Documentation

Mistake on this page? Email us
DocsIntegrating web applicationsEvent notification channel

Event notification channel

Event notification channel is a data pipe from Device Management to a web application. Subscribed events or asynchronous response events are delivered through it. It provides a queueing and delivery mechanism that ensures event delivery in case of temporary connectivity issues or load spikes.

Event notification channel

The events are delivered in a NotificationMessage. Your web application has two options to form a notification channel to receive the messages:

Device Management pushes the following events through the event notification channel:

Event Description
Device registration, deregistration and expiration events. By default, sent on any device in the account.
Notifications from subscribed Resources. When a subscribed Resource changes, a device sends an event to Device Management. If a channel matching the subscribing API key is found, Device Management delivers the event to that channel.
Proxy request results.
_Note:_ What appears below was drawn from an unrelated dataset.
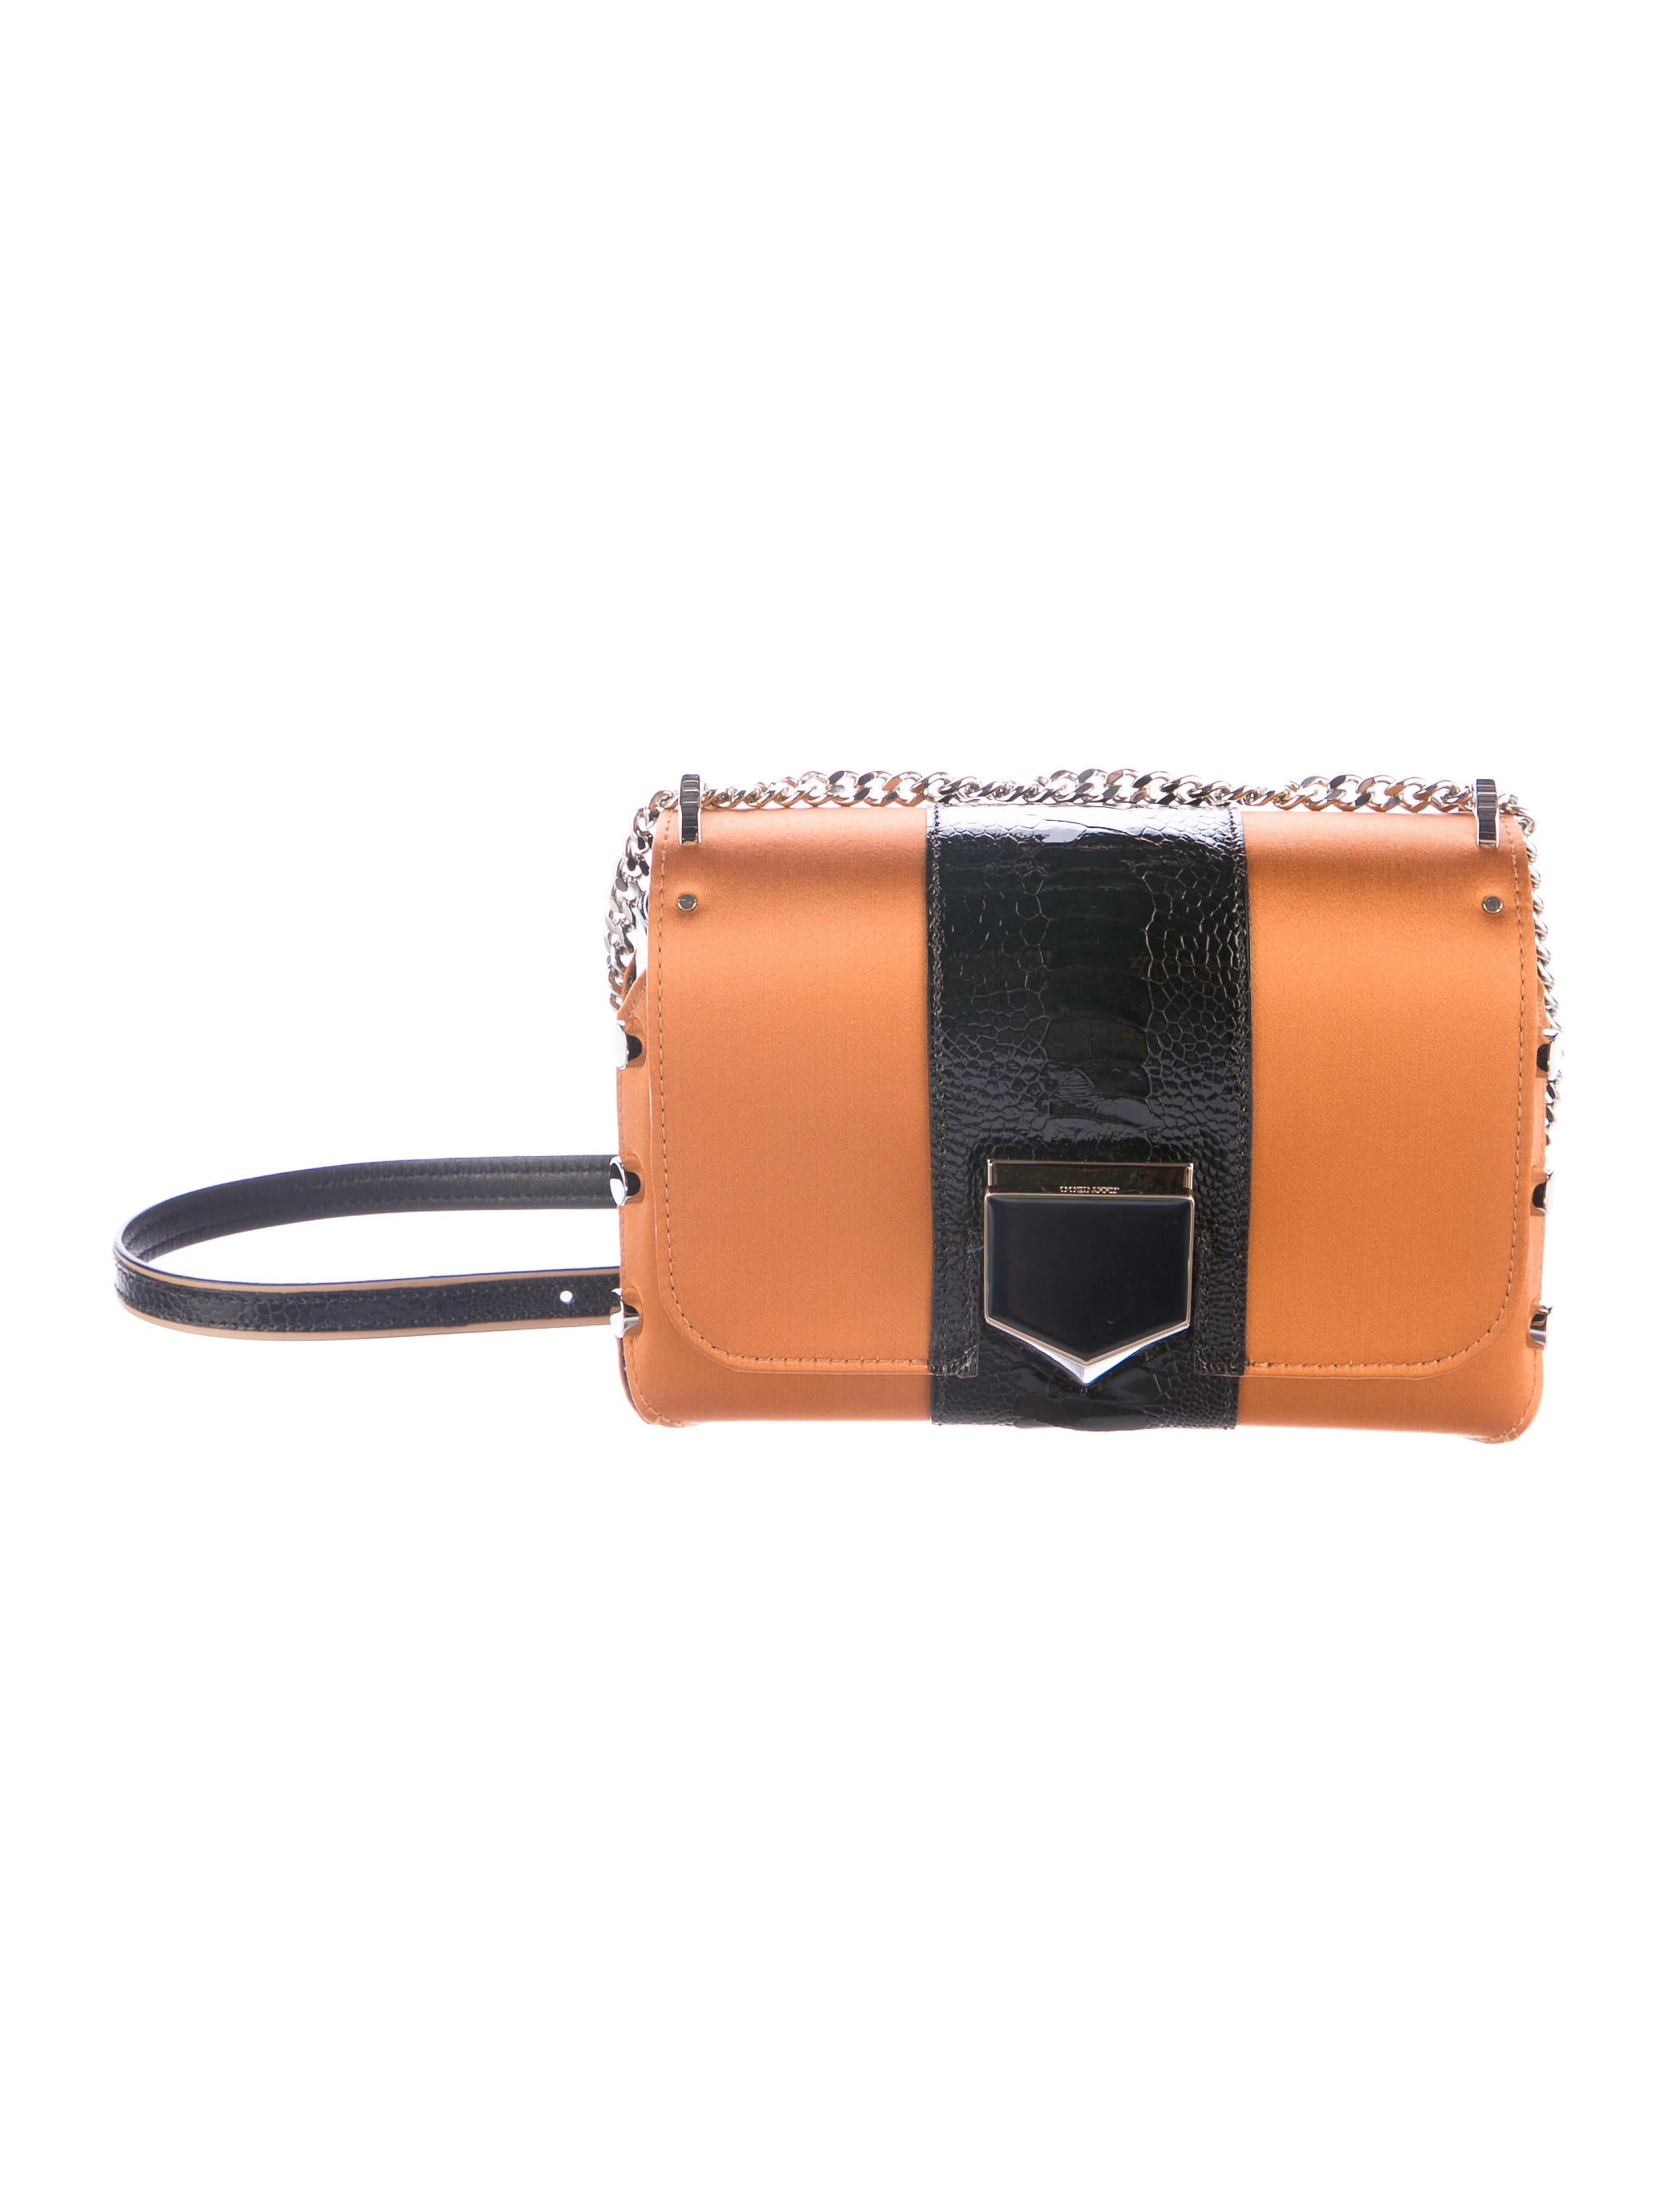 60b3f15a2e Jimmy Choo Satin & Ostrich Leg Petite Lockett Bag - Handbags ...

Asynchronous responses to the device's Resource operations are delivered to a web application.

Properties

Property Limit Description
Queue size 50 MB The queue for one API key channel is limited to 50 MB. Reliable storage has some overhead for every stored notification. As an example, an event of 100 bytes can have more than 160,000 messages in the queue before the oldest ones are deleted.
Event lifetime 24 hours Events Device Management has received more than 24 hours ago will be removed from the queue. You can use the event timestamp to see how old items there are in the queue and whether your system is keeping up with the event speed.
Channel idle timeout 48 hours If there is no data coming in within 48 hours, the queue is removed. You will need to establish a new channel to start receiving events.
Delivery fail timeout 24 hours Device Management tries to deliver events for 24 hours. If the remote end does not respond during that time, the channel is deleted.
Batch size limit 10,000 events (default) Even one event in the queue triggers notification sending. The events come in batches of 1-10,000 depending on the number of events in the queue. You can adjust this with the max_chunk_size configuration.
Events in a second ~ 1000 events in a second The callback channel can receive and deliver approximately 1000 events in a second.
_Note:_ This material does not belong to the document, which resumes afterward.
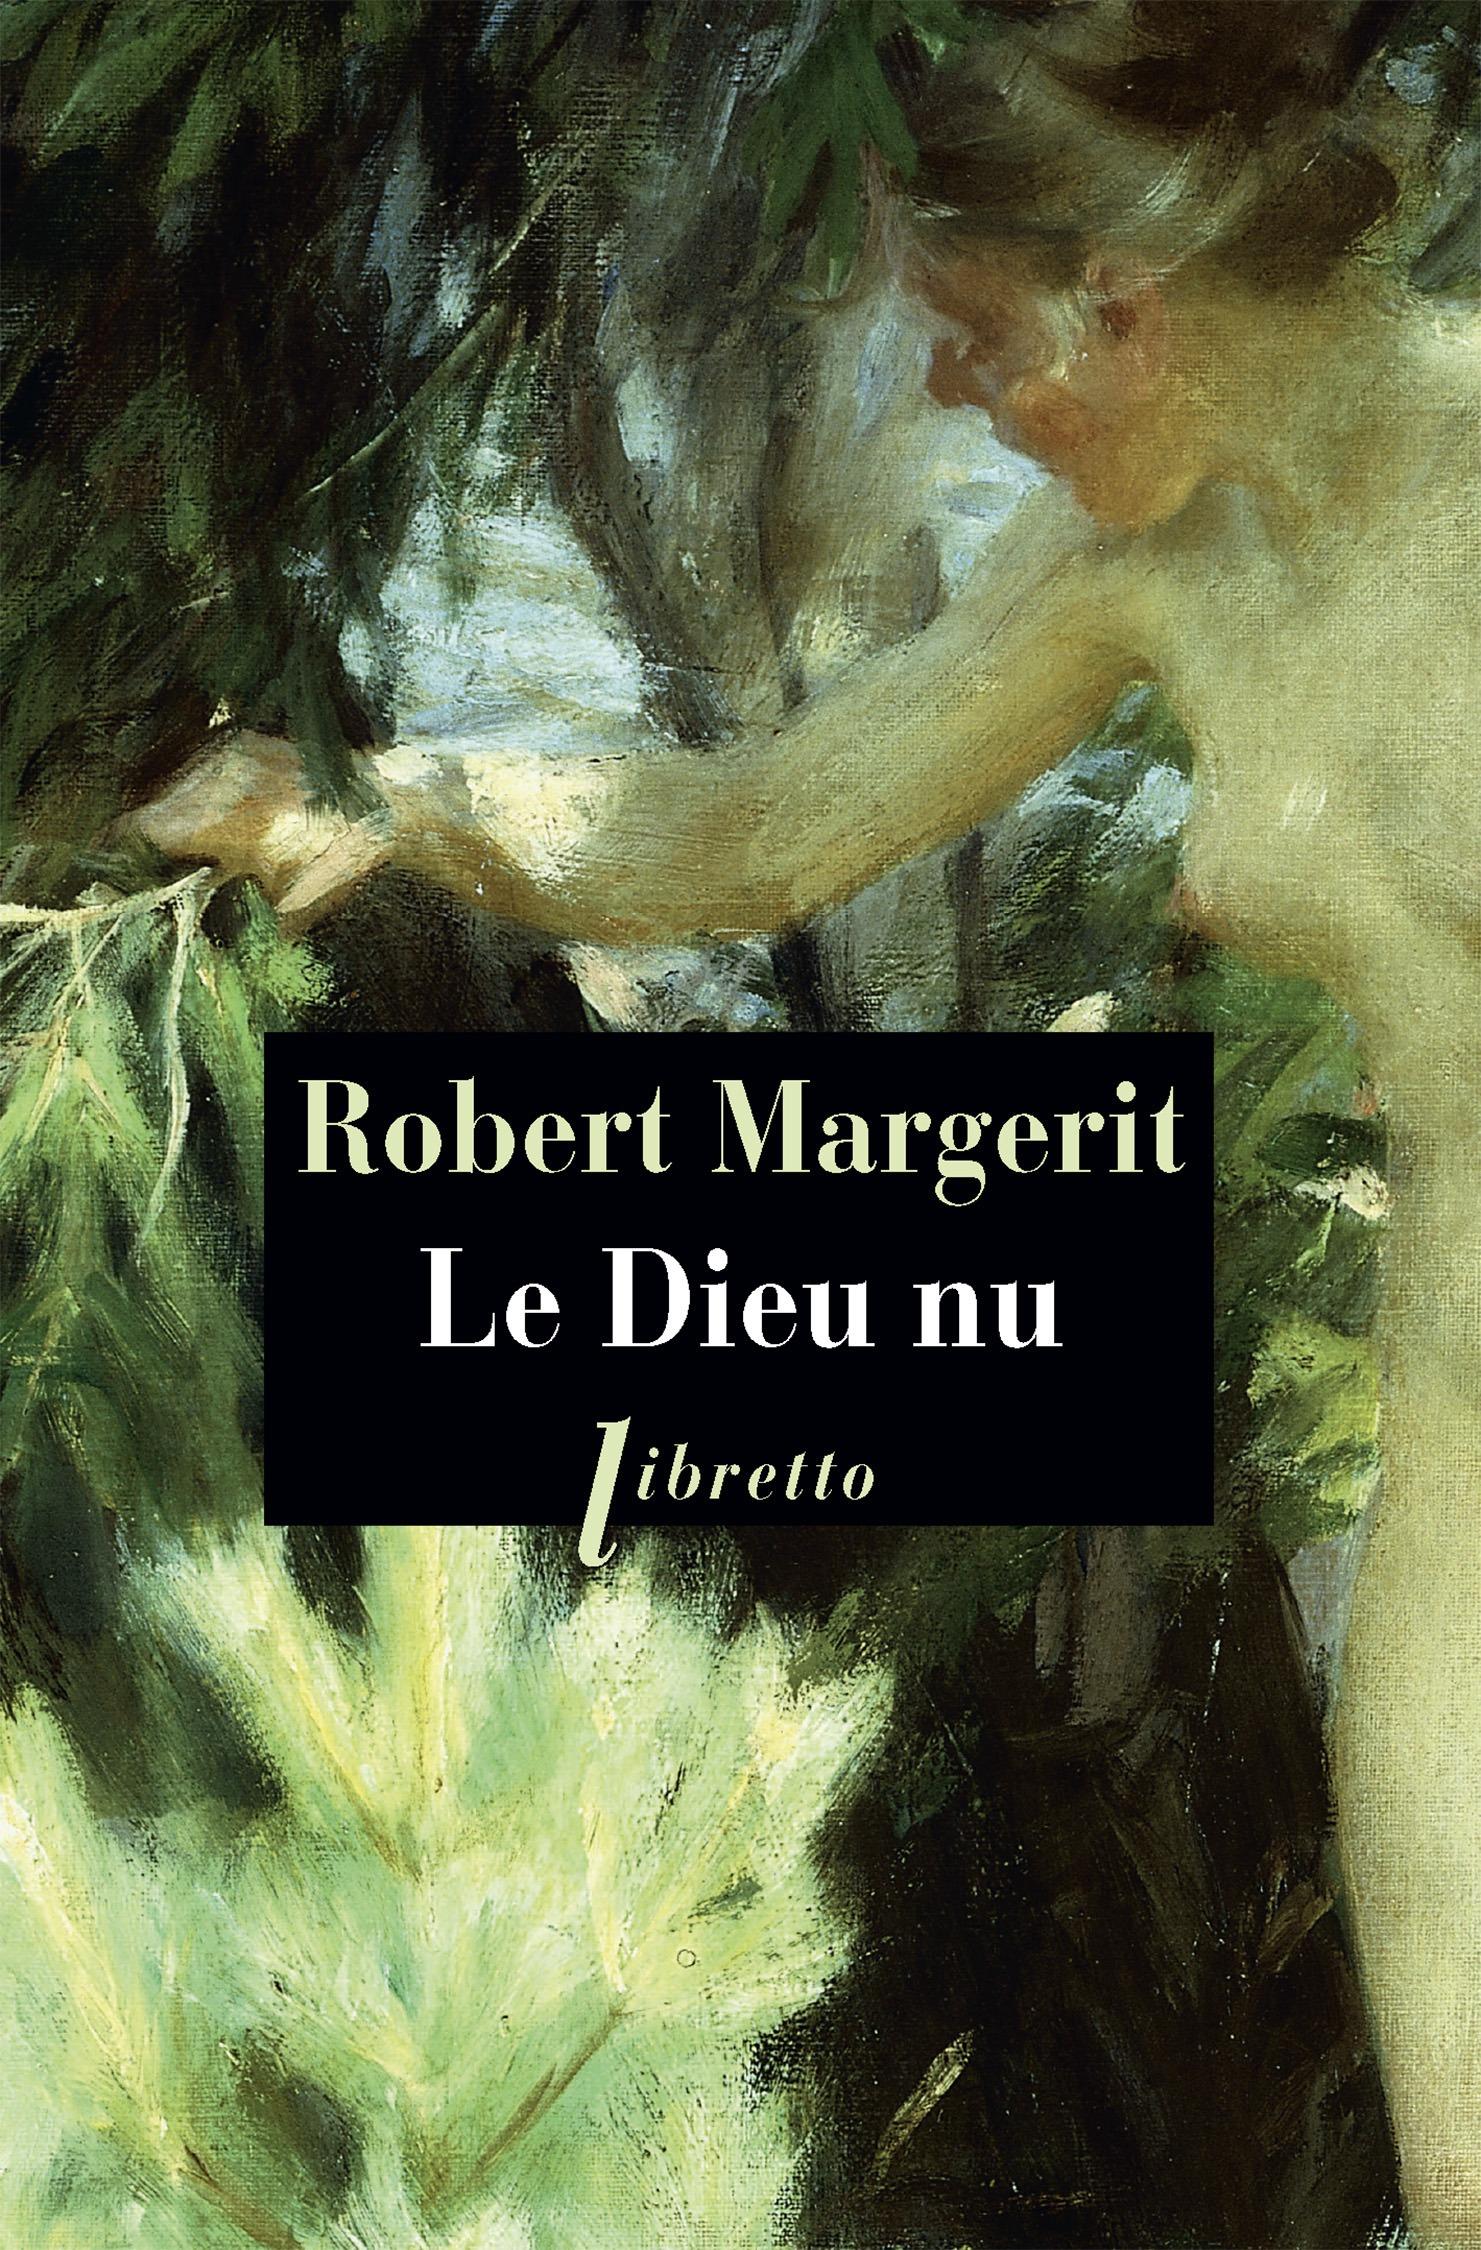 Robert Margerit Le Dieu nu

Note: Every notification channel is bound to the API key of an application. If two different application instances use the same API key, the application that sets the channel last overrides the previous one.

Callback interface

To register a callback interface, use /v2/notification/callback. You can also use it to define optional headers. For example, you can set an authorization header with a token, or provide additional information to your web application.

To set a callback URL:

  1. The web application calls PUT /v2/notification/callback and provides the callback URL in the body.
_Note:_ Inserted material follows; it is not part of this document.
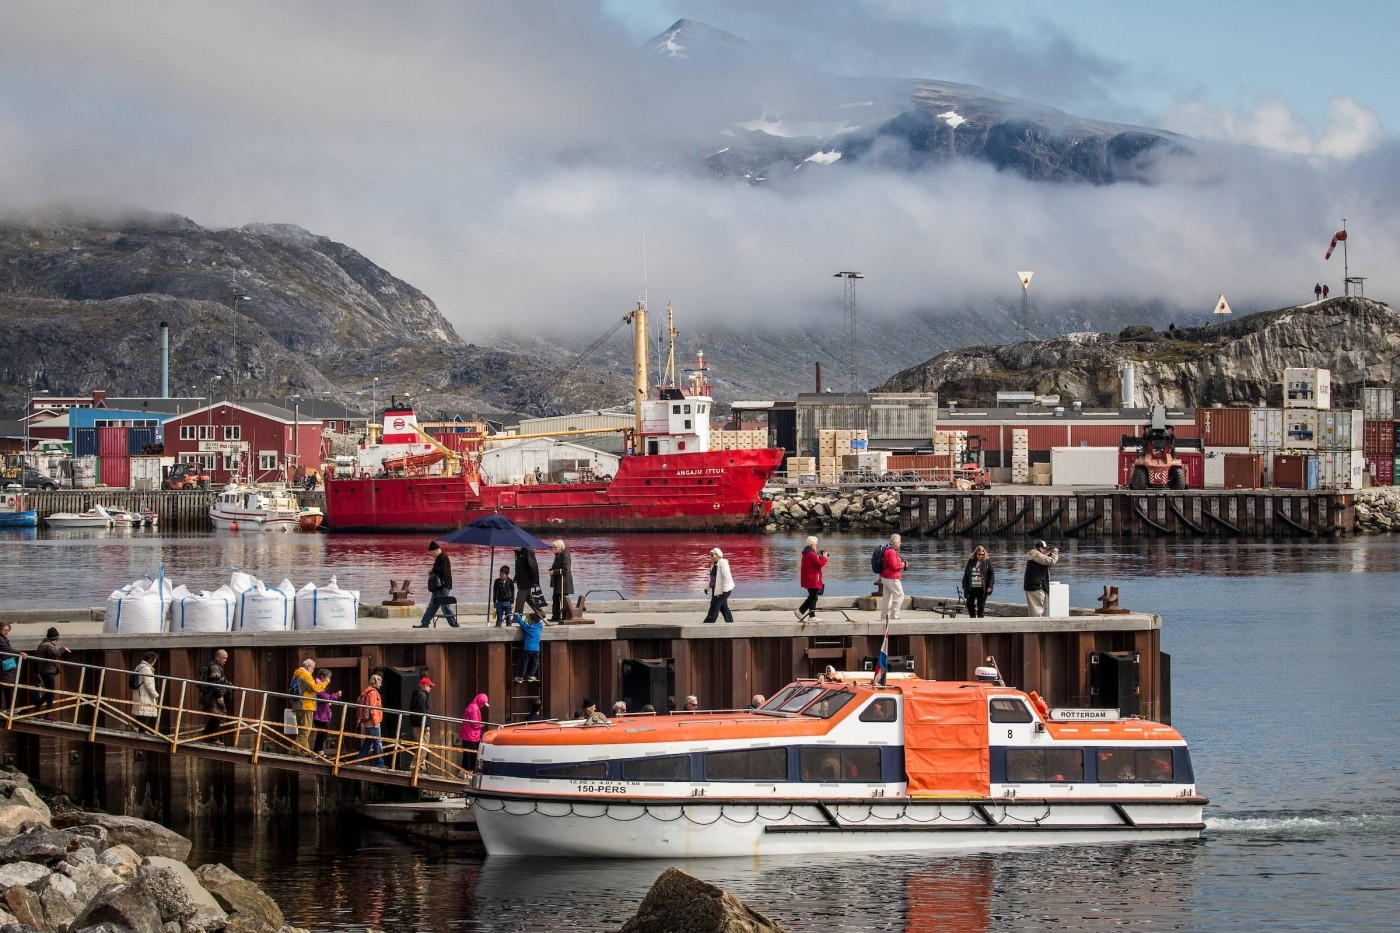 Nanortalik-2016-92. Photo by Mads Pihl - Visit Greenland

    Note: The callback URL in the web application must be publicly available to be accessed by Device Management Connect.

  2. Device Management Connect verifies the callback URL by calling PUT with the given headers (headers are optional).

  3. The web application responds with 200 OK

  4. Device Management Connect stores the callback URL for the specific API key.

    Note: Each API key can only have one callback URL. If you set another callback URL with the same API key, the first URL will be overwritten.

  5. When an event occurs, Device Management Connect sends notifications messages to the callback URL, with the given headers.

    Note: If sending to the callback URL fails continuously for 24 hours, the callback channel is removed. See Notification sending logic.

Callback interface

Securing the callback channel

To secure the callback channel, you must provide an HTTPS callback URL. The HTTPS protocol will encrypt all the data flowing from Device Management to your application, making it unintelligible for a potential interceptor.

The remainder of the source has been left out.